### Exercise
Pictures within the data are to be left out; everything else must be reproduced exactly.

### Collected data
────

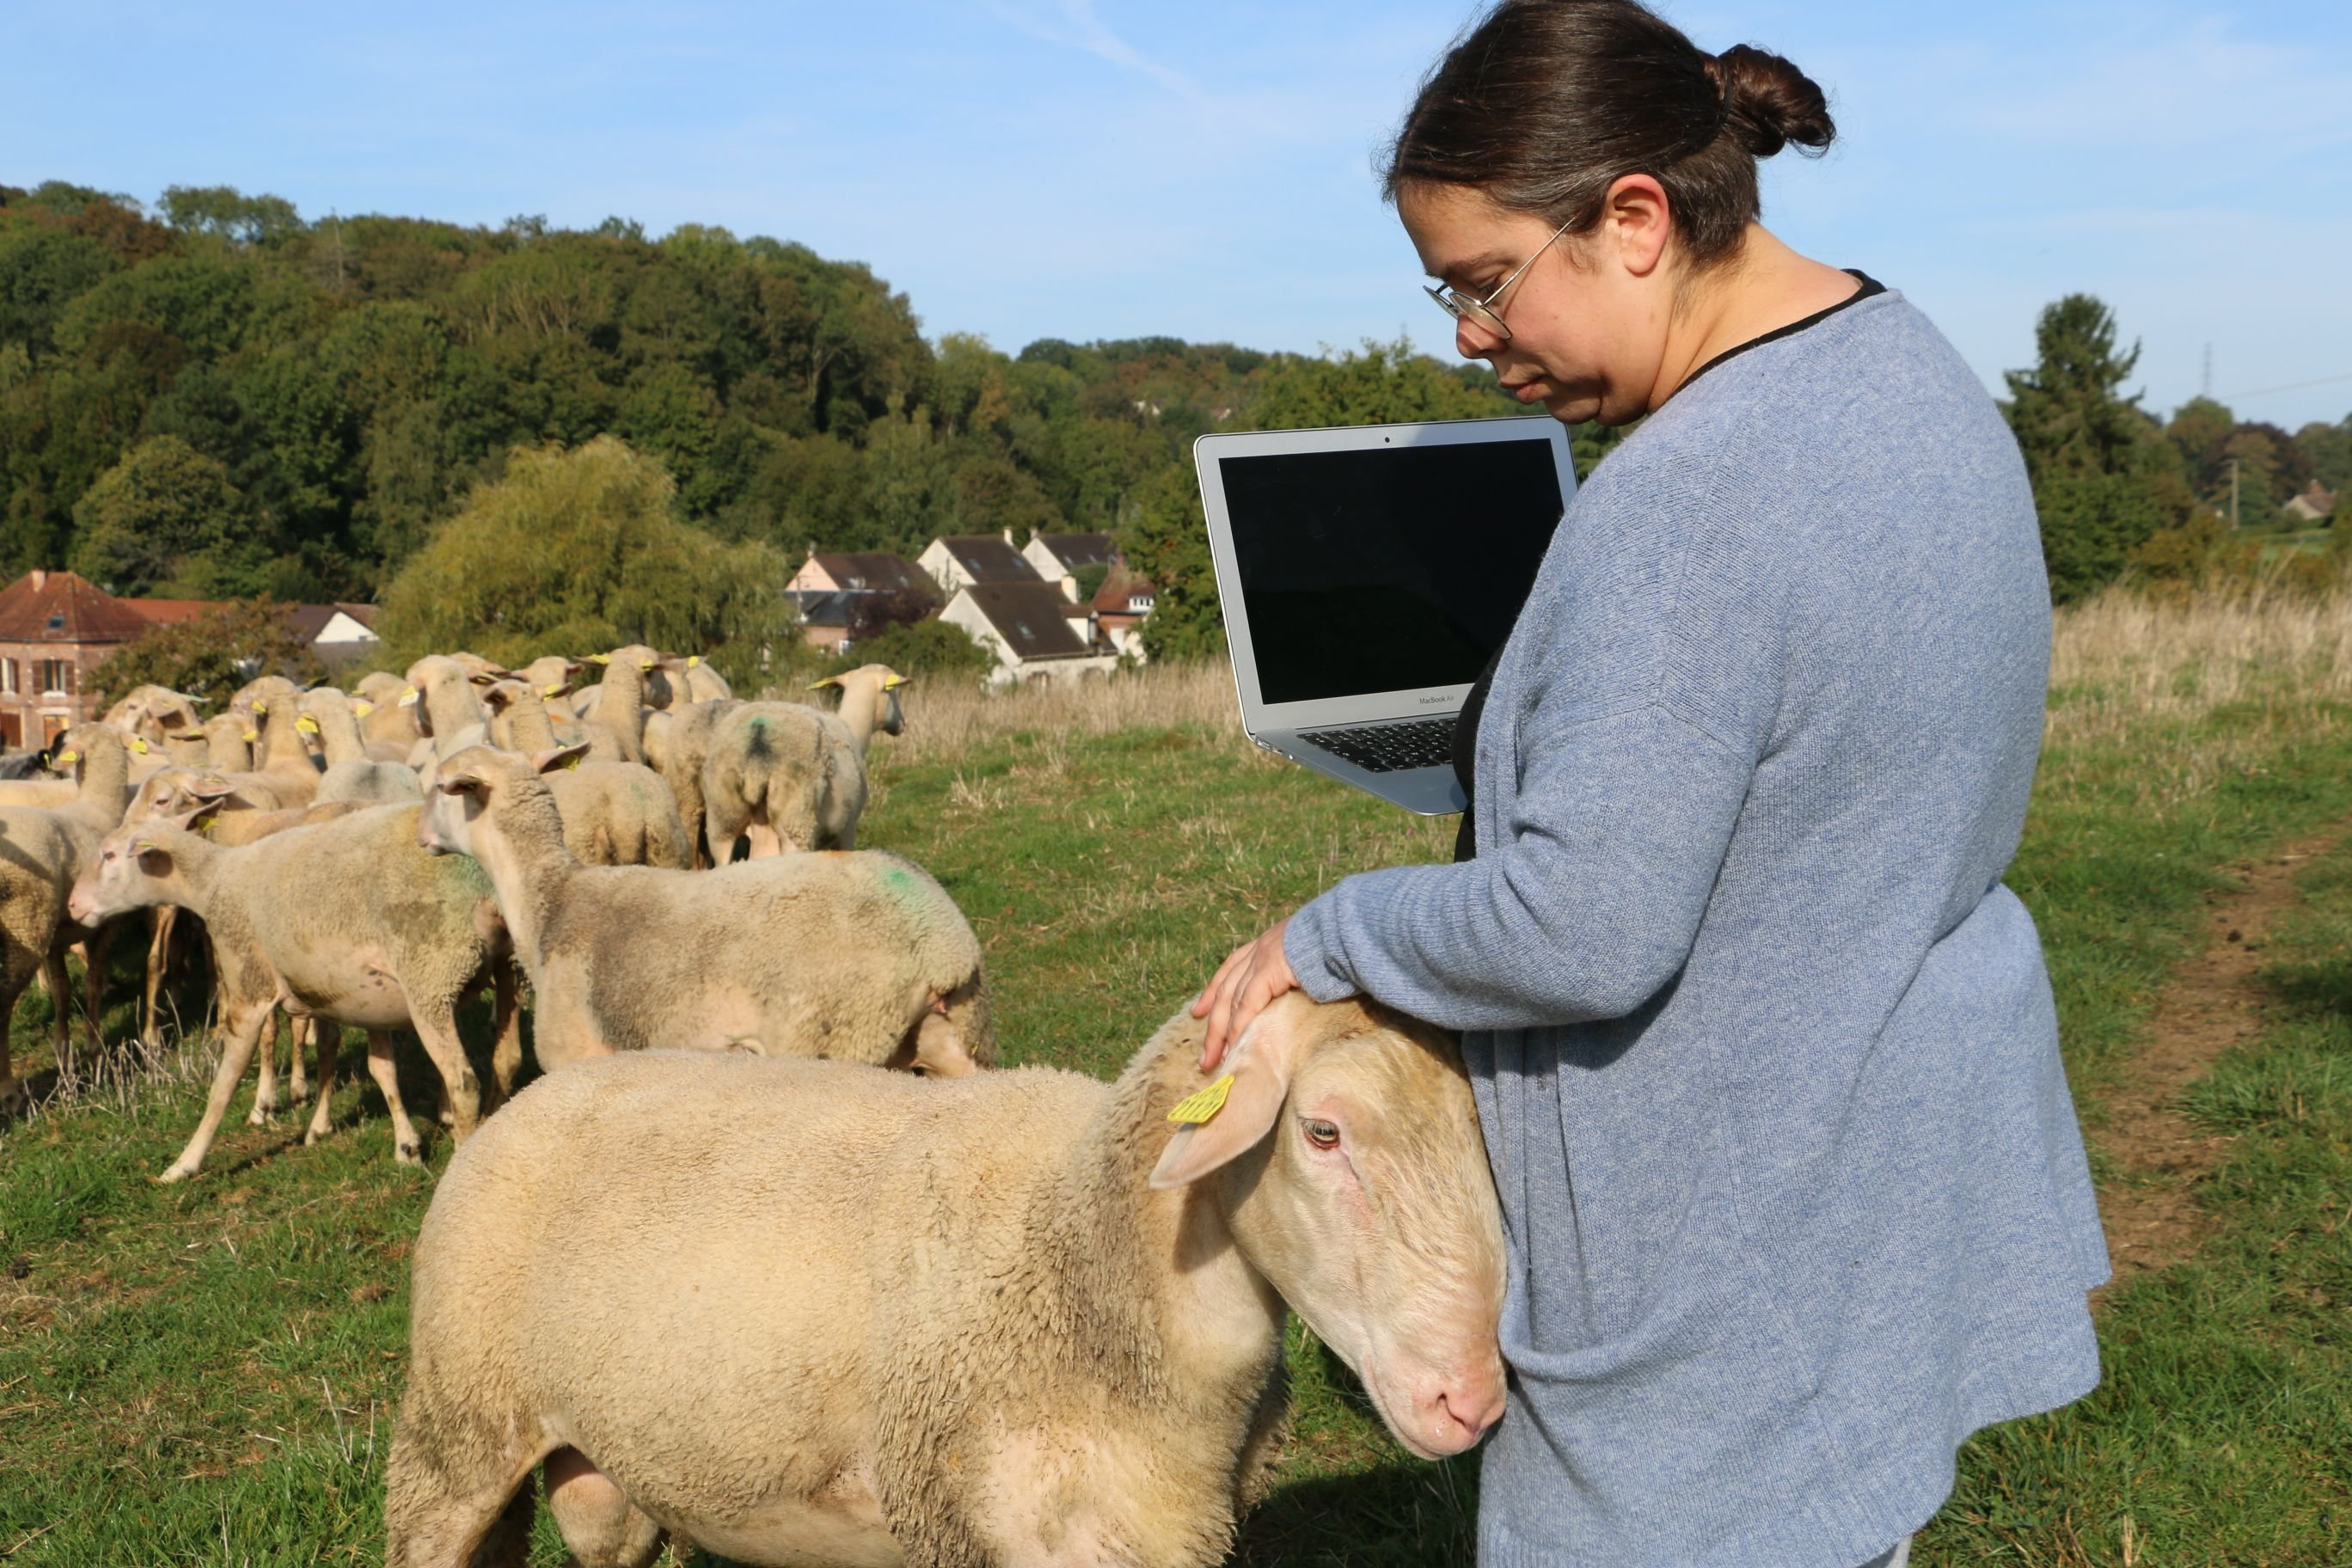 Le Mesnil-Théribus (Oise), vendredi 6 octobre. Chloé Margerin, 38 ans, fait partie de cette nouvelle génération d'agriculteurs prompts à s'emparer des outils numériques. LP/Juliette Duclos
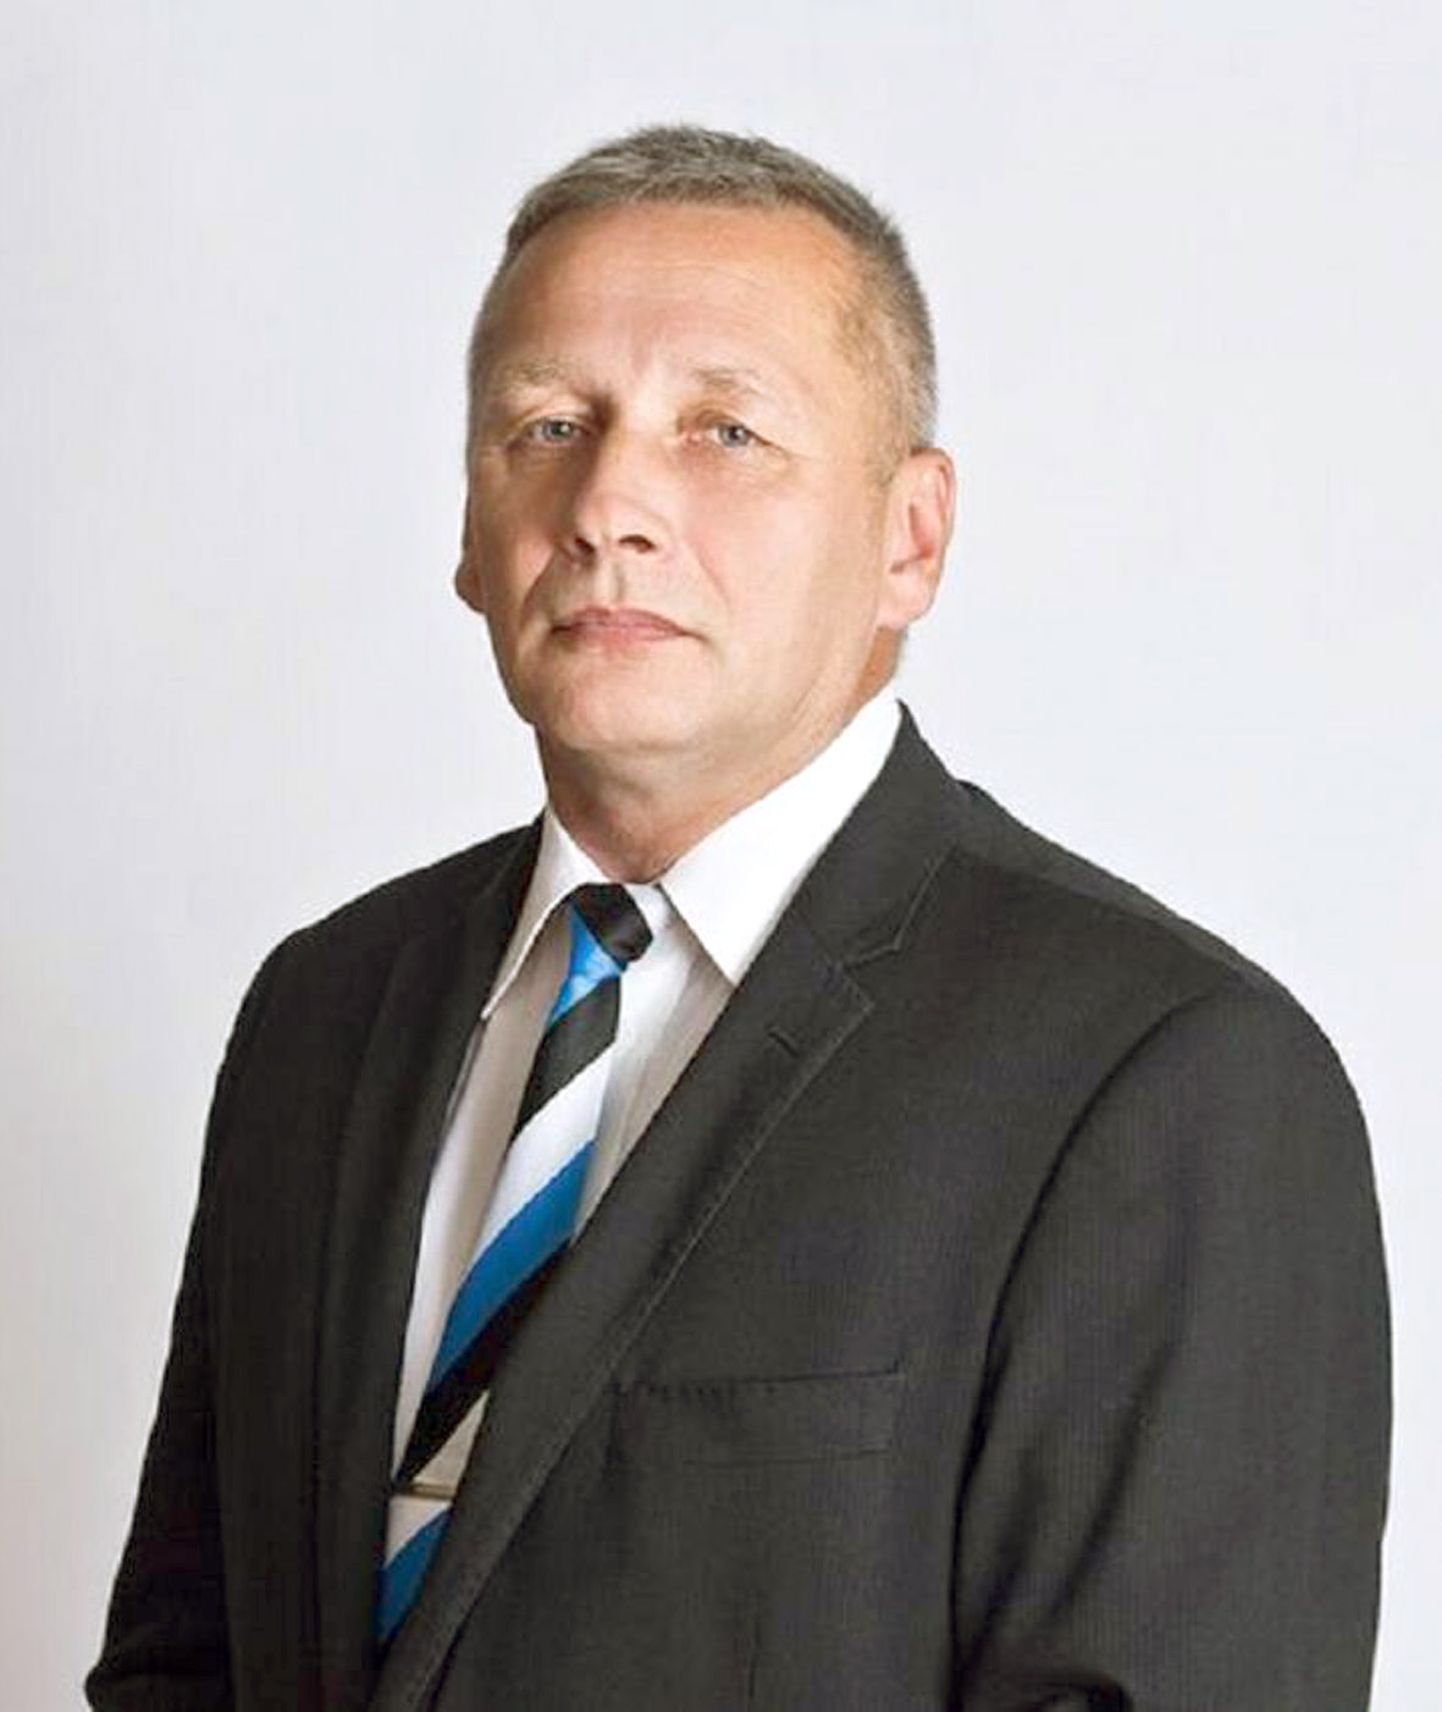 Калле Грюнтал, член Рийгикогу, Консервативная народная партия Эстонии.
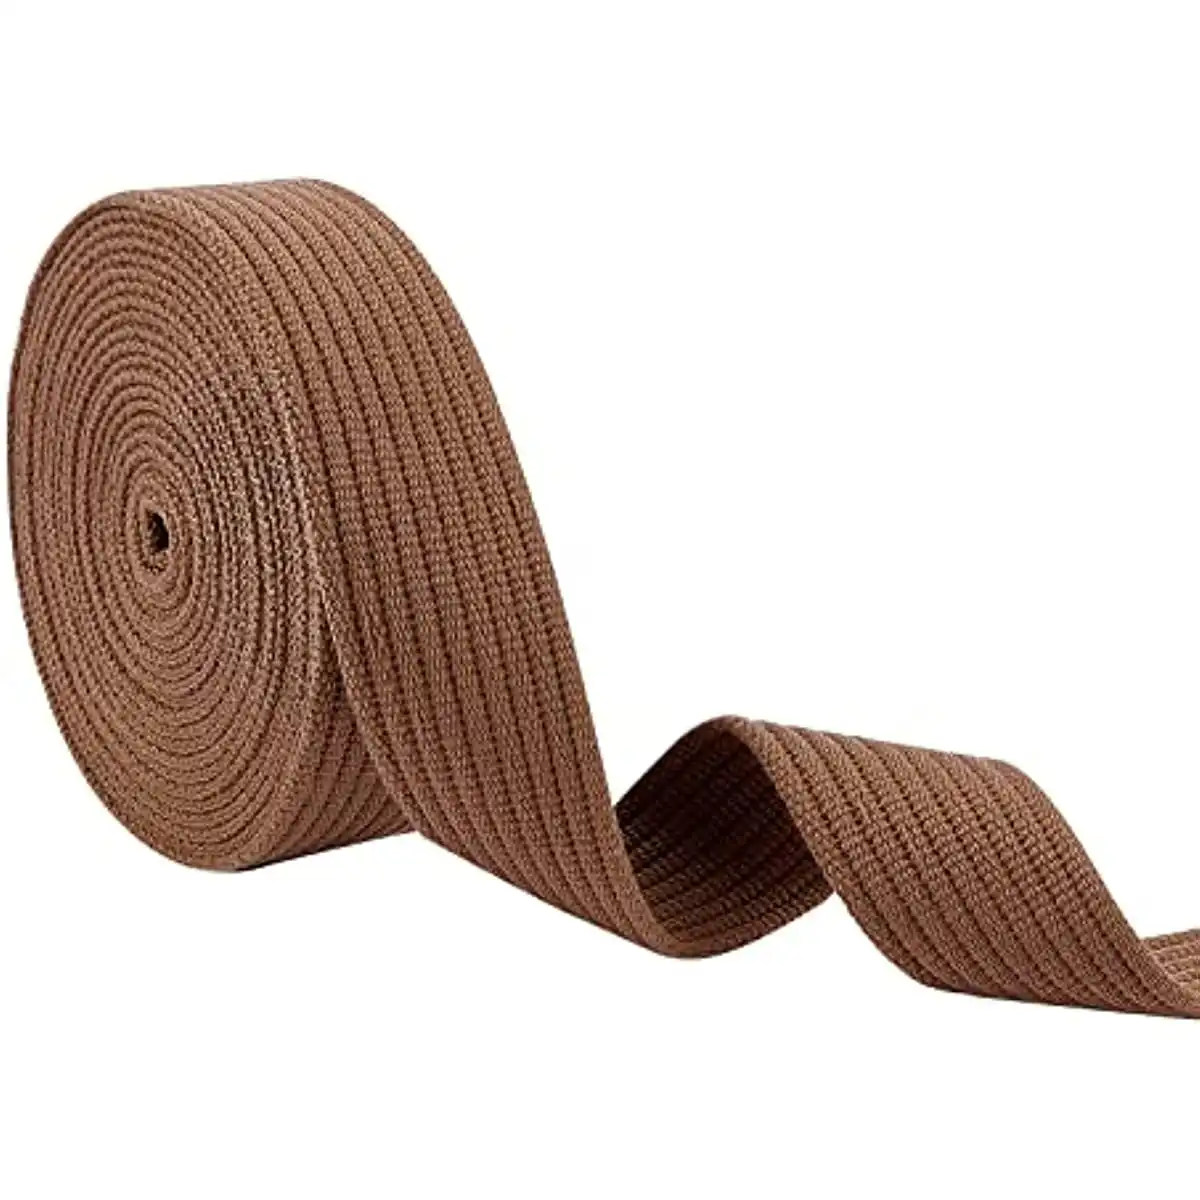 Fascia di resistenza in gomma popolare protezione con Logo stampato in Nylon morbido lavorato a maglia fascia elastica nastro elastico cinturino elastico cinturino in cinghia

────

### Exercise result
 Le Mesnil-Théribus (Oise), vendredi 6 octobre. Chloé Margerin, 38 ans, fait partie de cette nouvelle génération d'agriculteurs prompts à s'emparer des outils numériques. LP/Juliette Duclos
 Калле Грюнтал, член Рийгикогу, Консервативная народная партия Эстонии.
 Fascia di resistenza in gomma popolare protezione con Logo stampato in Nylon morbido lavorato a maglia fascia elastica nastro elastico cinturino elastico cinturino in cinghia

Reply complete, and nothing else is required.